Schätz mal wie tief der Hafen bei dir ist. Machst du es auch da wo die Boote ihre Ladung löschen oder wie suchst du dir deine Orte aus?
Das Wolfsbarsch nicht häufig ist glaub ich dir, ich hab auch noch keinen gefangen weil ich das Spinfischen noch nicht lange betreibe. Habe bisher immer nur mal nen hornie oder ne Bastardmakrele gezogen und ich muss echt sagen Bastardmakrelen sind auch echt lecker obwohl sie viele Gräten haben. 
Wie machst du denn den Barra? Aufm Grill?
Also der Vadigo ist ne Stachelmakrelenart wie Zulu ja sagte. Ist Lecce=Leerfisch? Serra ne Thunfischart?(Sierra)


----------



## Koghaheiner (26. Mai 2011)

*AW: Hilfe! Wie und womit auf Mittelmeerbarrakuda?*

Wenn Du tieferes Wasser haben willst dann wander mal in Richtung Punta Falconera, da wo die Bunker sind, an einigen Stellen geht es dort direkt steil runter bis auf 10-15 m. 

Gruß

Kogha


----------



## Franz_x (26. Mai 2011)

*AW: Hilfe! Wie und womit auf Mittelmeerbarrakuda?*

Servus,

habe mal etwas gesucht, hier die deutschen Bezeichnungen.
Pesce Serra - Blaubarsch
Leccia - Bastardmakrele ? bin ich mir nicht sicher
Ich fische nur Häfen mit nur kleiner "Fischfangflotte". Meist sind es nur wenige, kleine Fischerboote und mehr Segelboote / Yachten. Das Wasser ist nicht besonders tief, max. 10 m. Bei Sonne und mit Brille sieht man bis zum Grund.
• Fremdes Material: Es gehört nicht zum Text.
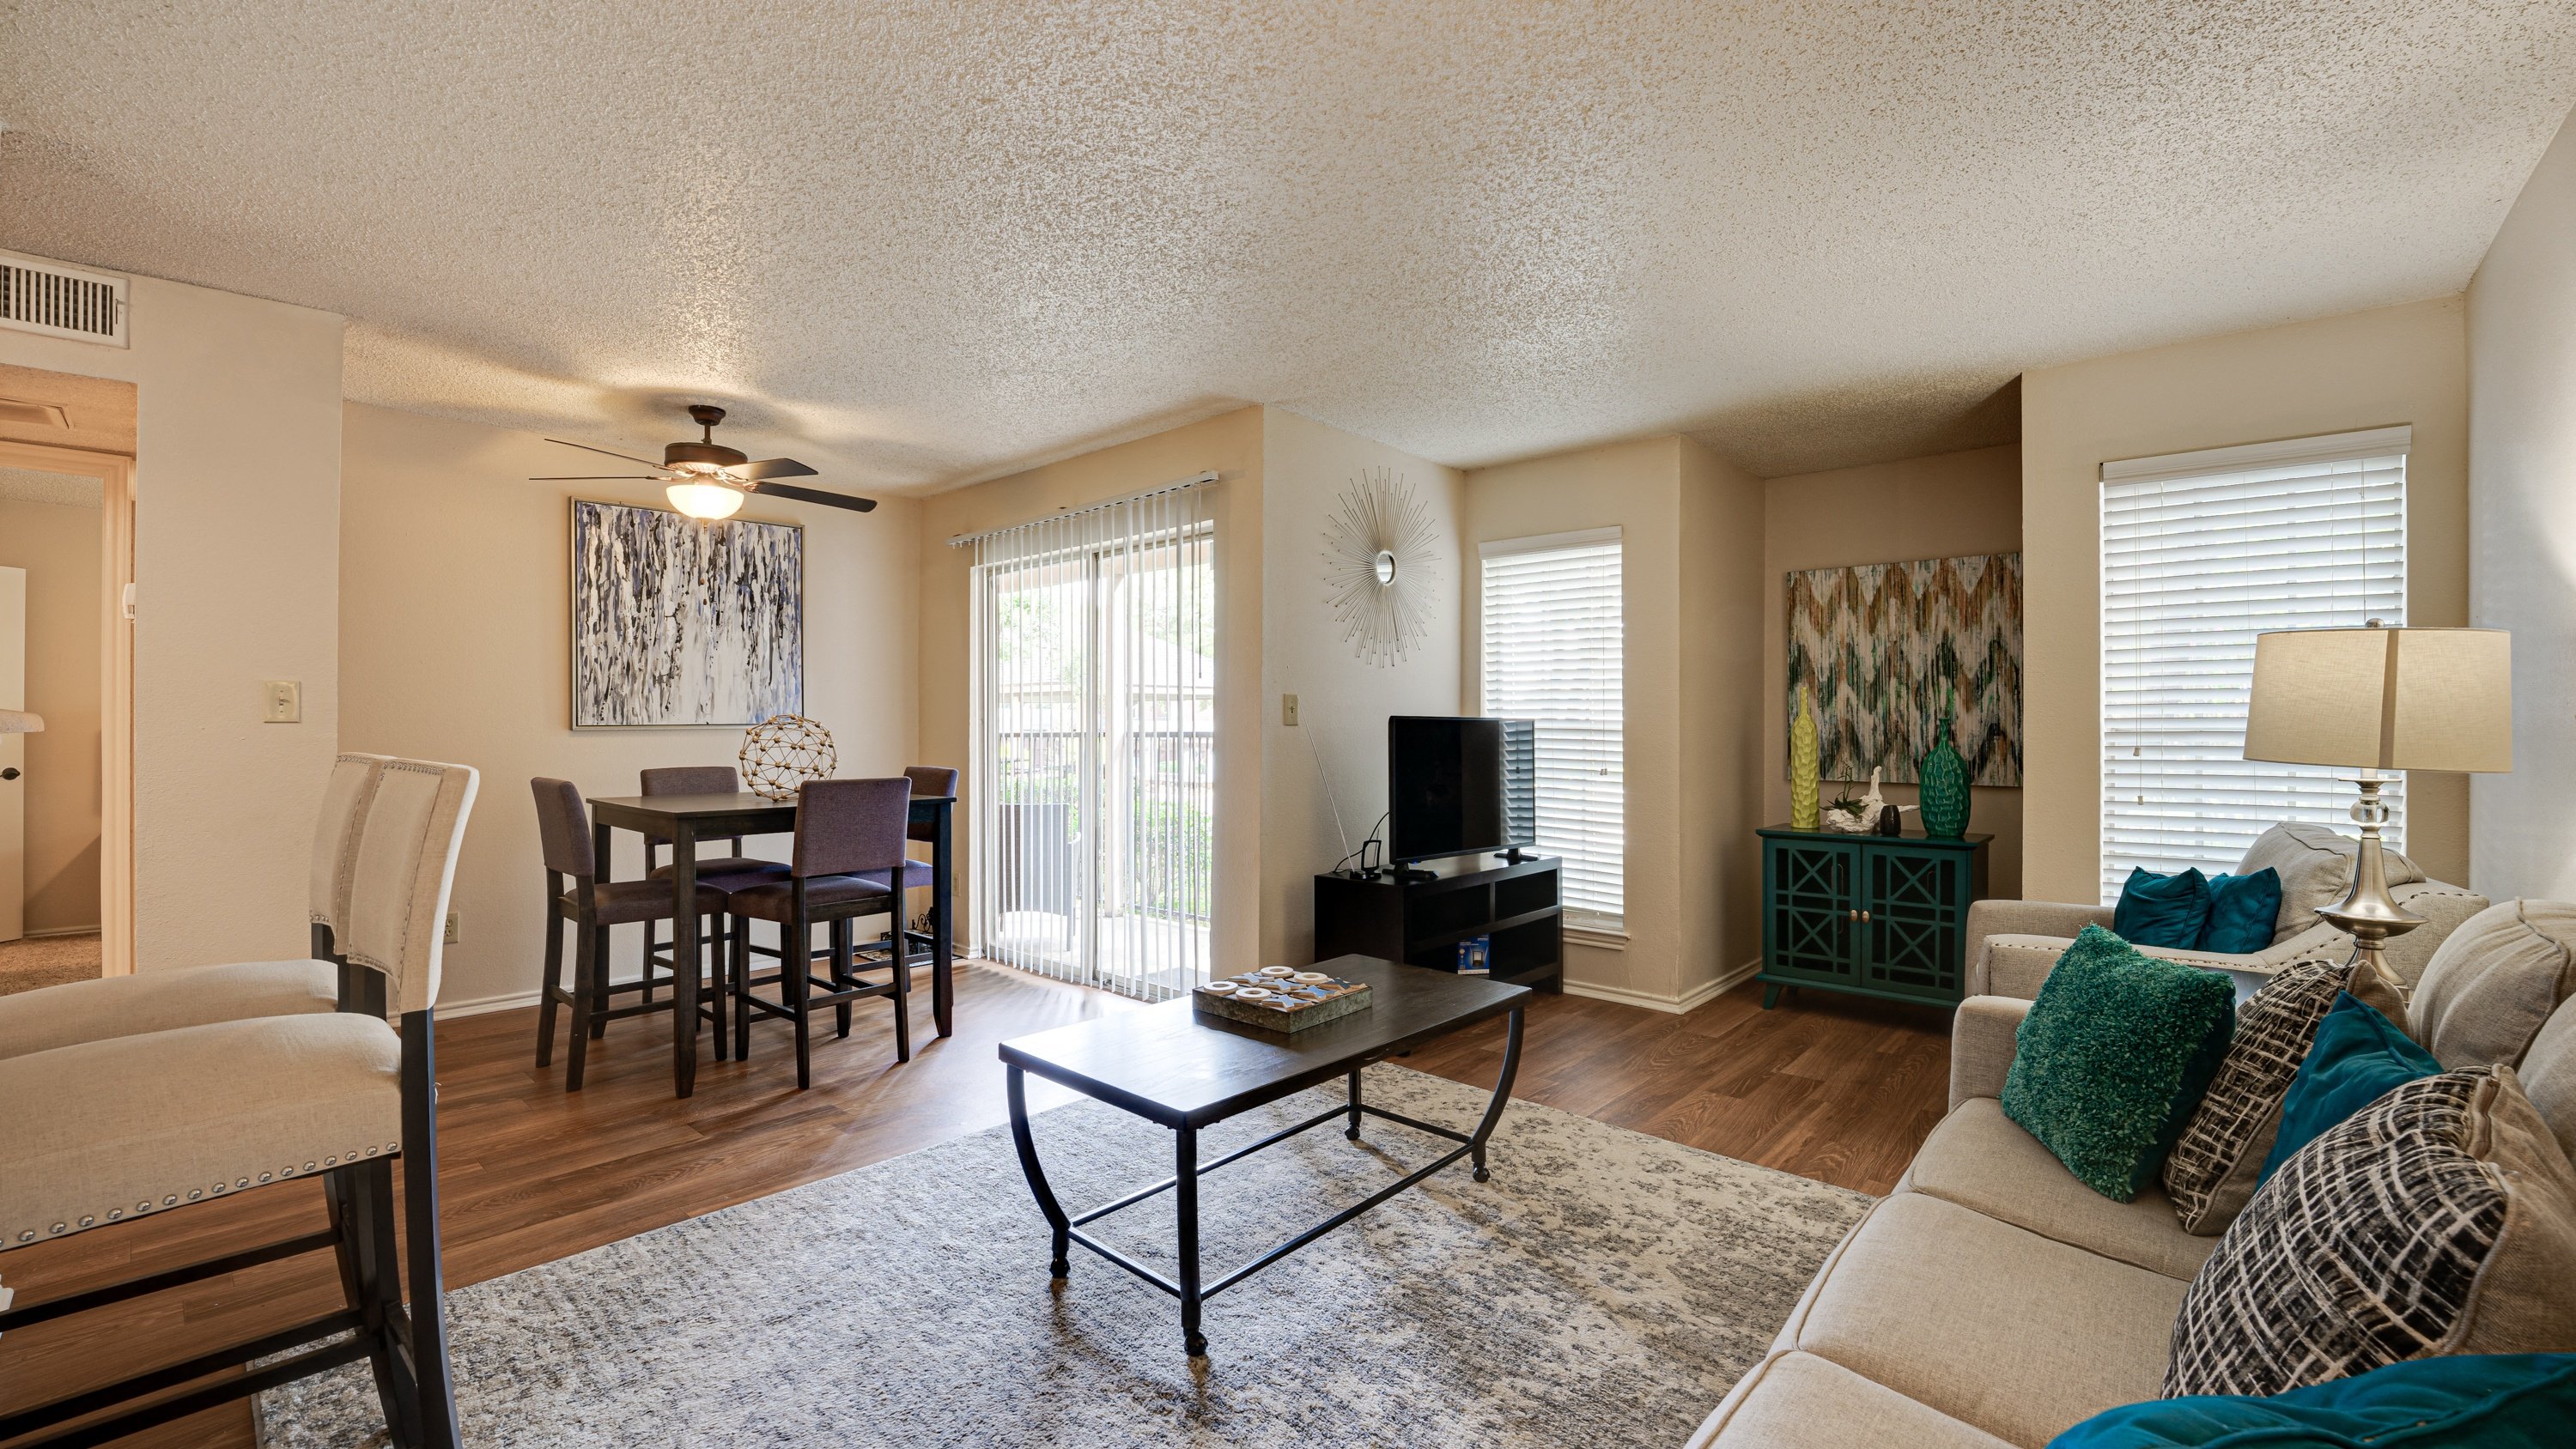 Living Room With Kitchen at Hunters Hill, Dallas, 75287

Die Raubfische kommen mit der Dämmerung in die Häfen. 
Fisch kommt bei mir im Sommer auf den Grill!

Grüße

Franz


----------



## scorp10n77 (26. Mai 2011)

*AW: Hilfe! Wie und womit auf Mittelmeerbarrakuda?*

@ koghaheiner Bei den bildern die ich eingestellt habe, das 3. ist Falconera. Ich war auch schon des öfteren in Falconera schnorchel jedoch bin ich nie weiter wegt vom Strand. Aber ich weiss das bei dem Felsen der da am fotografierten Cap ist eine ziemlich steile Abfallkante ist, heißt 10Meter vom Ufer weg komm ich nicht mehr bis zum Grund und da wachsen auch schon Gorgonien. Der Rest von Falconera ist meiner Meinung nach wahrscheinlich nicht zu befischen oder? Ich kletter da keine 30Meter Senkrechte Klippen runter. Aber zum fotografierten Cap komm ich glaube ich hin.
@Franz Also die 10m Wird mein Hafen wohl auch schaffen hab ja ein Foto eingestellt. Leccia scheint Leerfisch zu sein zumindest laut italienischem Wikipedia und dem dort genannten lat. Namen. Lichia amia. Kann man Blaubarsch auch essen? Also wenn ich Blaubarsch google dann kommen da nur Aquarienfischchen ausm Ganges raus.


----------



## Franz_x (26. Mai 2011)

*AW: Hilfe! Wie und womit auf Mittelmeerbarrakuda?*

Servus,

Blaubarsch, probier mal die lateinische Bezeichnung --> pomatomus saltatrix.

Grüße

Franz


----------



## scorp10n77 (26. Mai 2011)

*AW: Hilfe! Wie und womit auf Mittelmeerbarrakuda?*

Der sieht aber auch nach einem guten Kämpfer aus! Und wenn er auch noch vorzüglich schmeckt. 
Eigentlich hat das Mittelmeer schon echt viel zu bieten an guten Fischen nur leider sind die ja alle nicht mehr so zahlreich. 
Wenn ich an meine vielen Stunden denke die ich schon am Ufer gesessen hab um mal einmal Sparus aurata zu fangen #q 
Naja mit euren Tipps wird die Fangquote hoffentlich bald besser. Ich denke sowieso das man mit dem Spinfischen mehr Spass haben kann als mit dem Ansitzangeln. 
Es wäre für mich schon echt toll mal einen dieser verschiedenen Gesellen wie sie bereits genannt wurden zu fangen wobei der Barra natürlich der beste wär.


----------



## Koghaheiner (27. Mai 2011)

*AW: Hilfe! Wie und womit auf Mittelmeerbarrakuda?*



scorp10n77 schrieb:


> @ koghaheiner Bei den bildern die ich eingestellt habe, das 3. ist Falconera. Ich war auch schon des öfteren in Falconera schnorchel jedoch bin ich nie weiter wegt vom Strand. Aber ich weiss das bei dem Felsen der da am fotografierten Cap ist eine ziemlich steile Abfallkante ist, heißt 10Meter vom Ufer weg komm ich nicht mehr bis zum Grund und da wachsen auch schon Gorgonien. Der Rest von Falconera ist meiner Meinung nach wahrscheinlich nicht zu befischen oder? Ich kletter da keine 30Meter Senkrechte Klippen runter. Aber zum fotografierten Cap komm ich glaube ich hin.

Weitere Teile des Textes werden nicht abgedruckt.